What is expected →
In the listing below, how many lines contain the word "Whidbey"? Please respond with the number only.

Materials provided →
________
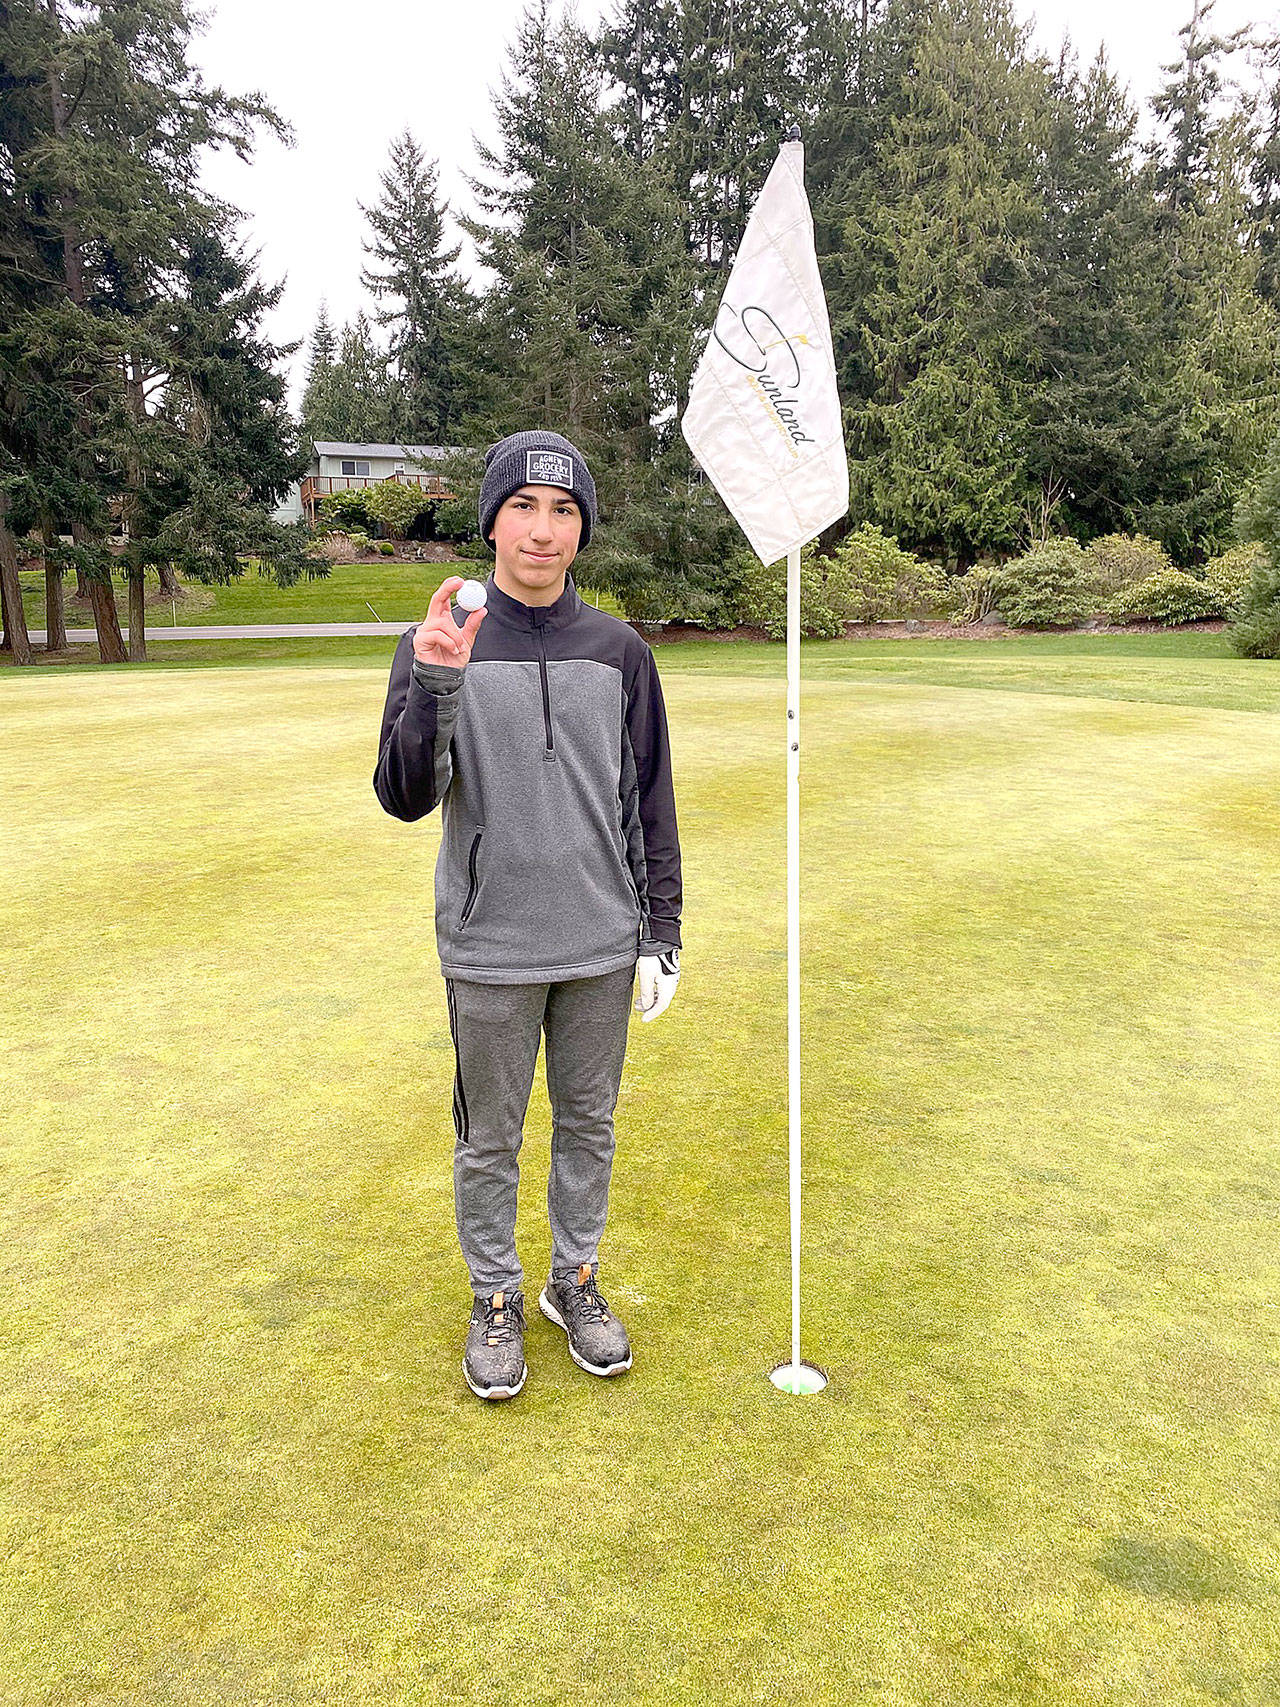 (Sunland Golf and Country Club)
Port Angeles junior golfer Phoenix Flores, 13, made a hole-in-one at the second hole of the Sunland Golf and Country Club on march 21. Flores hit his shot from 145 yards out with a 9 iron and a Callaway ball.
________
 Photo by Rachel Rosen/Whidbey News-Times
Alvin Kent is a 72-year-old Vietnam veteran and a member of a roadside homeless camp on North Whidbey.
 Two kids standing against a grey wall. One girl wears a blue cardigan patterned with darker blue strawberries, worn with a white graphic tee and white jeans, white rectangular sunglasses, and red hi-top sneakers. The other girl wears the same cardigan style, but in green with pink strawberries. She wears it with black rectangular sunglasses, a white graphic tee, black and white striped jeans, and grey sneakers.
________
Task result →
2